In the same population of Paramecium caudatum in which I was able to observe the infections with Holospora elegans, I also found many specimens with unusually large crystals in the cytoplasm (s. fig. 19 a-b). These specimens also all had a strongly deformed macronucleus with crater-shaped depressions. It was striking that these large crystals were never found in specimens infested with Holospora elegans.
Fig. 19 a-b: Paramecium caudatum. A slightly (a) and a strongly squashed specimen (b) with unusual large crystals scattered in the cytoplasm (arrows). Note the deformed macronucleus (Ma). Obj. 40 X.
One could assume that this is ingested food or the storage crystals often found in Paramecium caudatum. It can be ruled out that the crystals were ingested as food, as they are not found in food vacuoles. The common storage crystals of Paramecium caudatum are mostly drusen-shaped and birefringent, which is why they appear colored in the DIC. However, the long, rod-shaped crystals were not only unusually large at 15–25 µm in length, but also not birefringent (s. figs. 20 and 21). In addition, they were only present in individual specimens, which always showed the deformed macronucleus.The micronucleus was also present in these specimens but slightly enlarged or deformed.
Fig. 20: Paramecium caudatum. A squashed specimen with several of the large, rod-shaped crystals (CR). Note the deformed macronucleus (Ma). CV = contractile vacuole, Mi ?= probably the micronucleus. Obj. 100 X.
Fig. 21: Paramecium caudatum. A second squashed specimen with several of the large, rod-shaped crystals (CR). Ma = macronucleus, Mi = micronucleus. Obj. 100 X.

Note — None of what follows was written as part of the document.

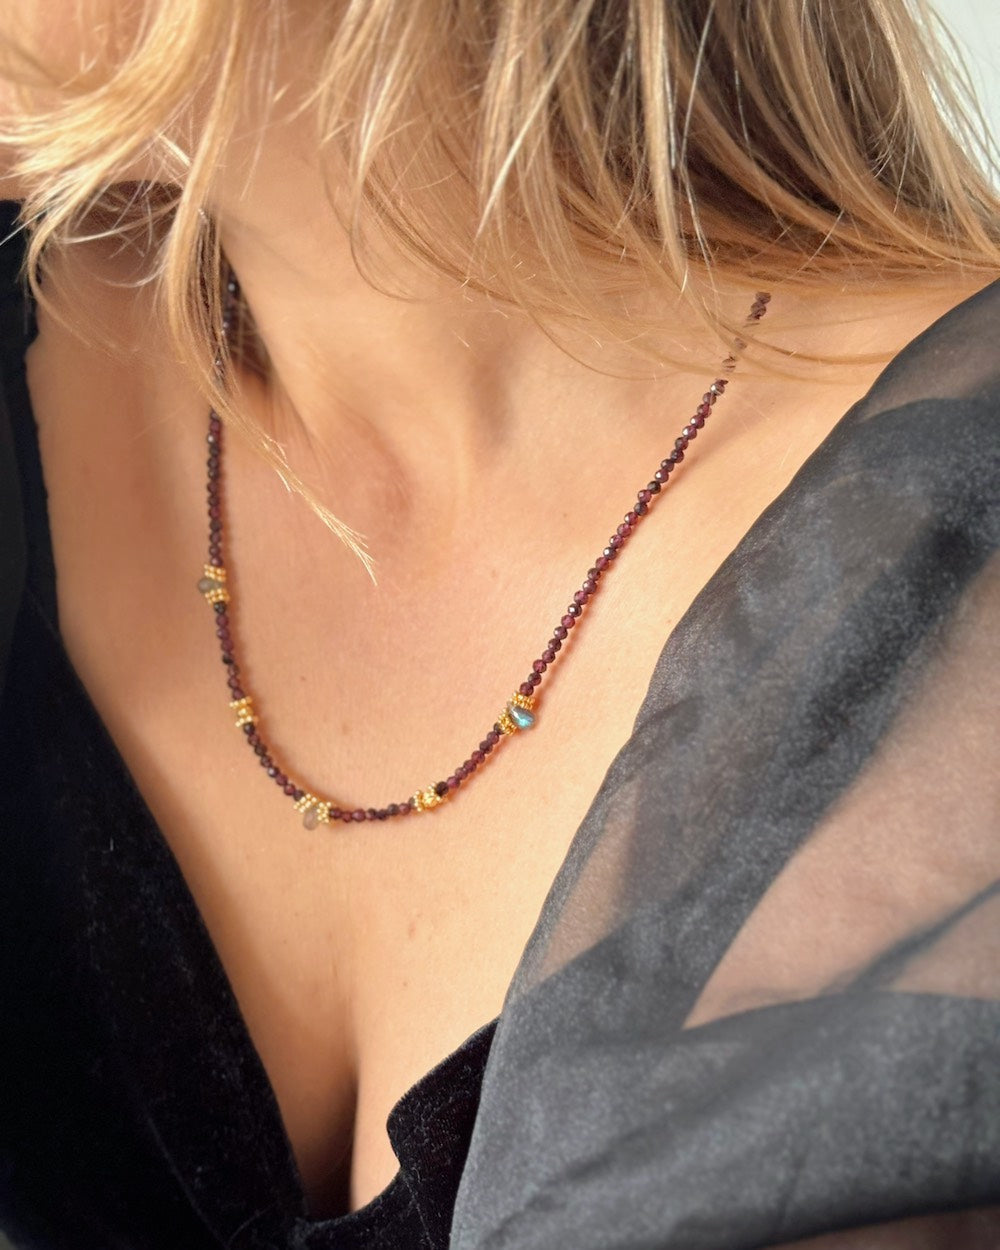 Garnet and labradorite gemstone necklace
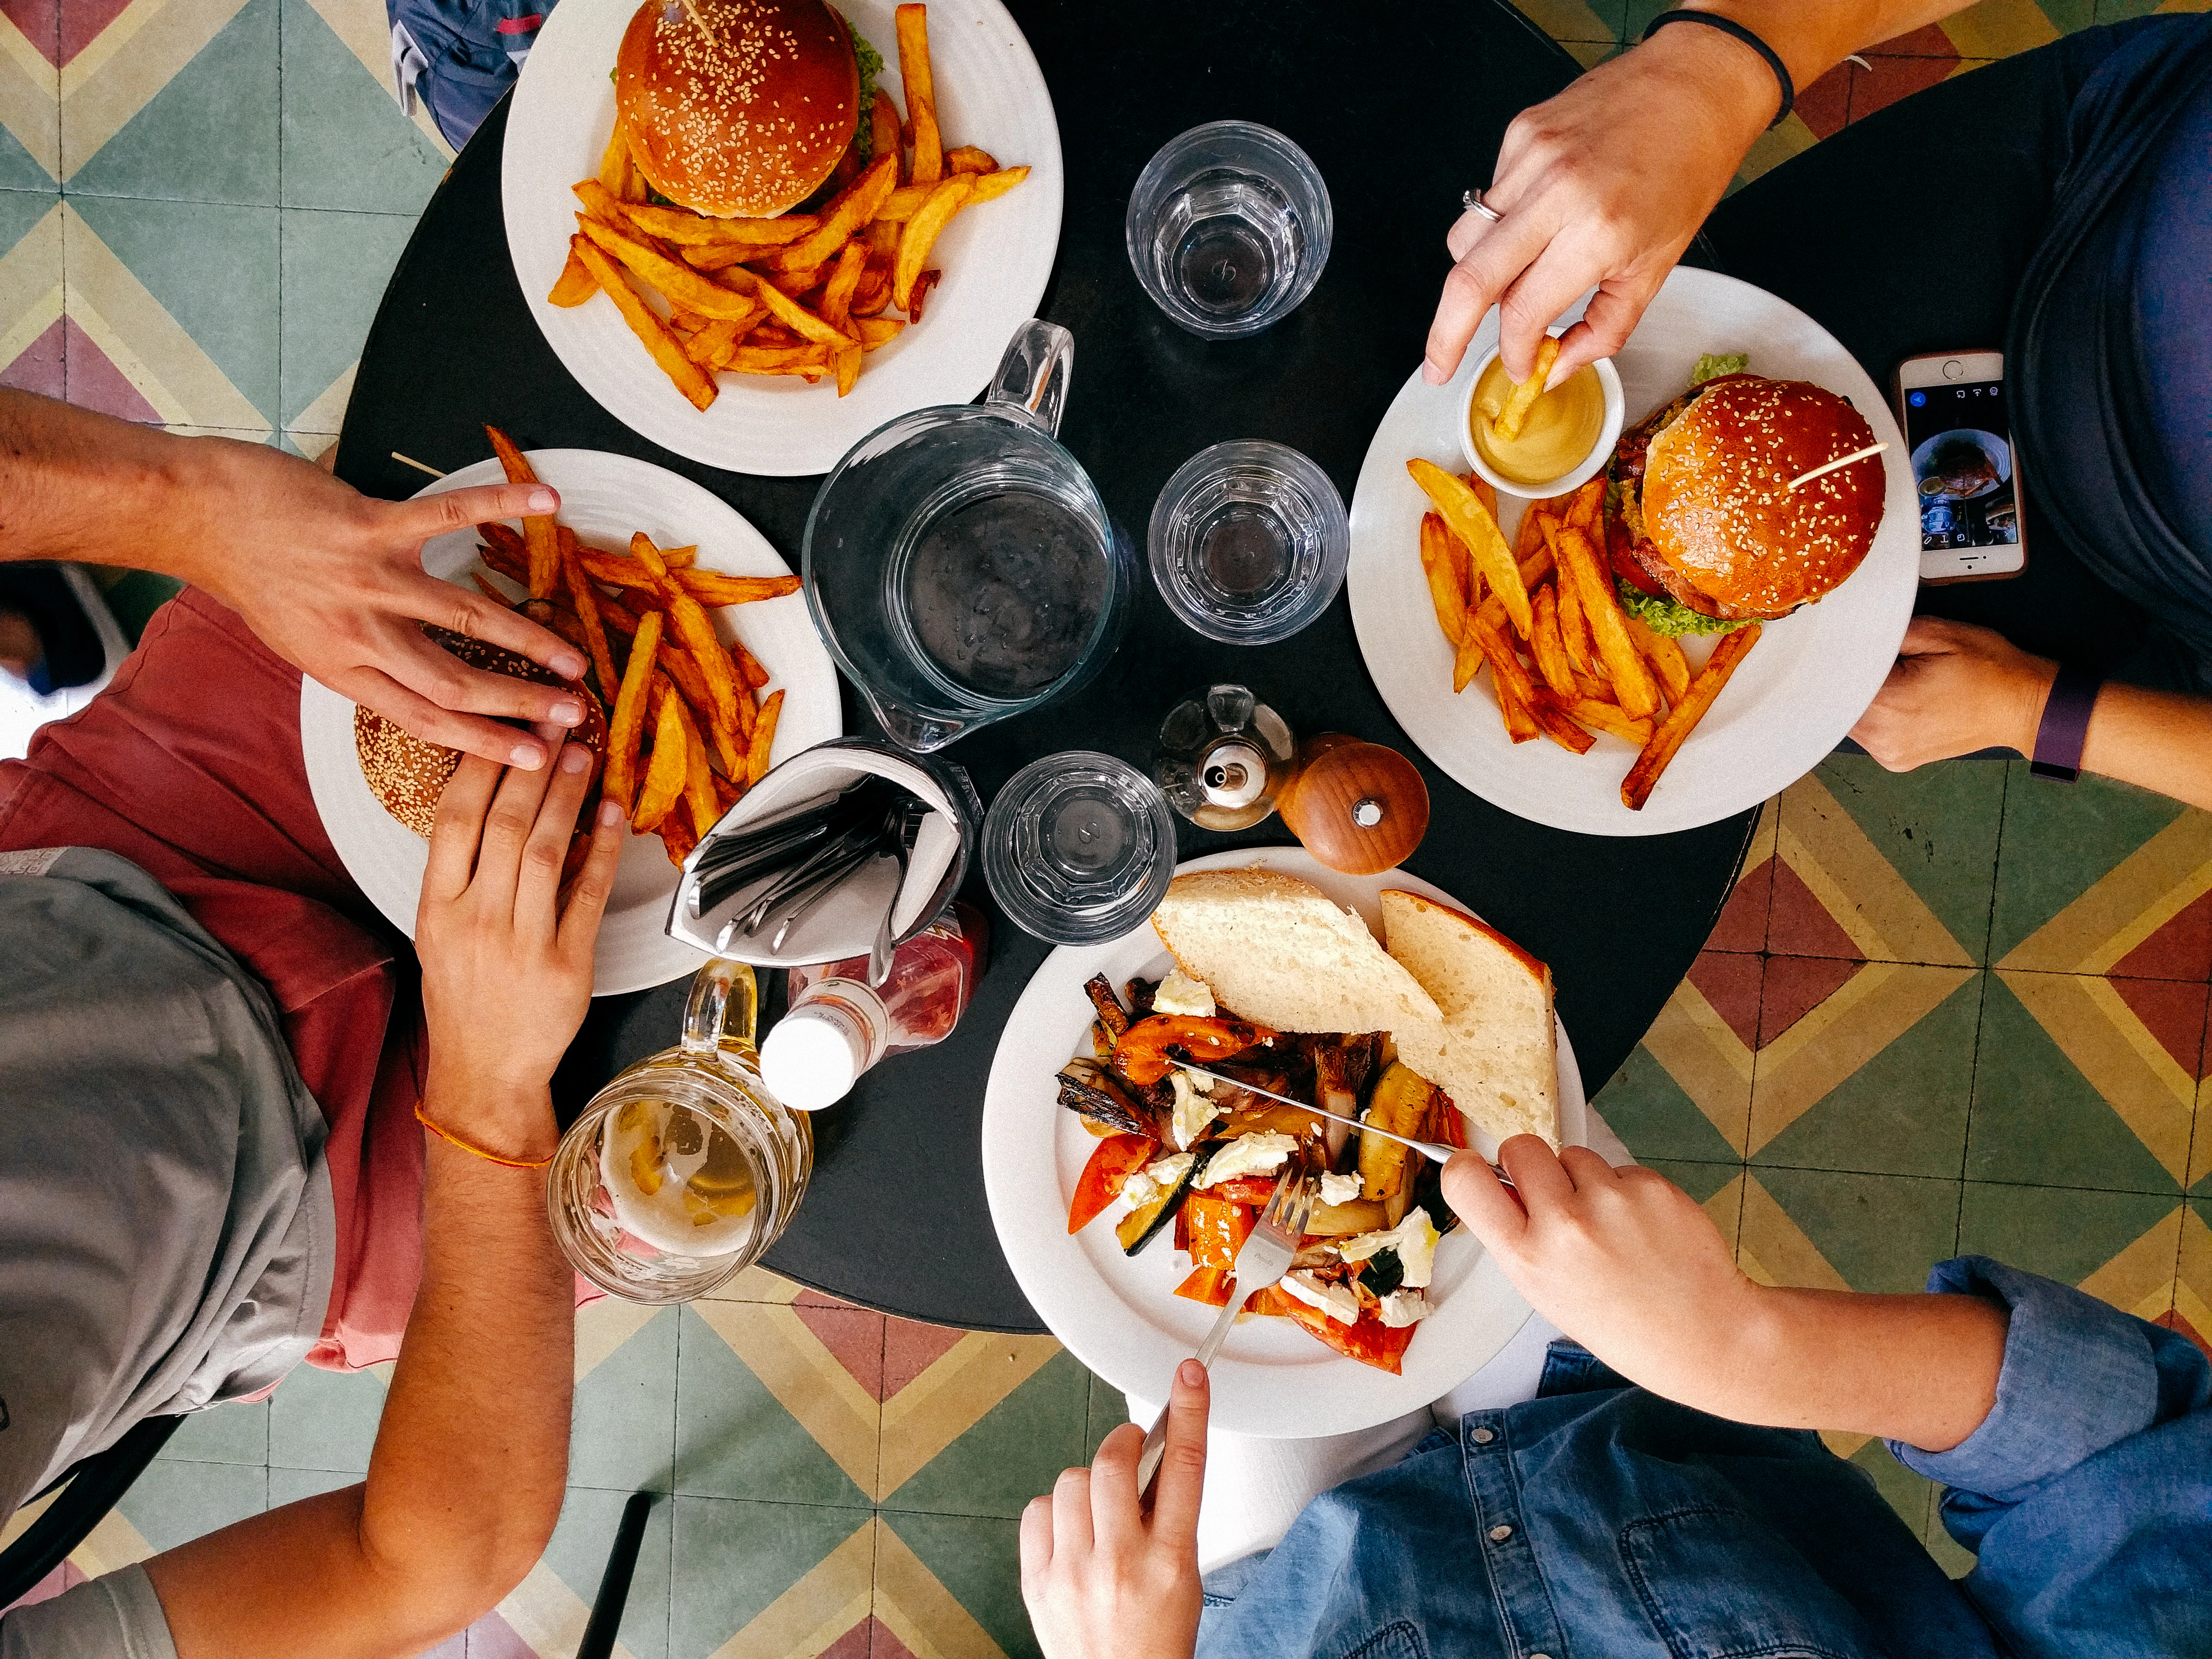 Image décorative représentant 4 personnes en train de manger des burgers autour d'une table

In a strongly squashed specimens, I was able to observe that the crystals break under the pressure of the coverslip. However, this results in unusual fracture lines, which usually run through the crystal in an S-shape (s. fig. 22). I could not find descriptions of comparable crystals found in Paramecium caudatum in the literature. It remains unclear whether this is the crystallization of an unusual metabolic product or perhaps even virus crystals. I never found these kind of crystals again since 2010.
Fig. 22: Paramecium caudatum. Under strong pressure of the coverslip the rod-shaped crystals start to crack and S-shaped fracture lines become visible (s. left crystal). Obj. 100 X.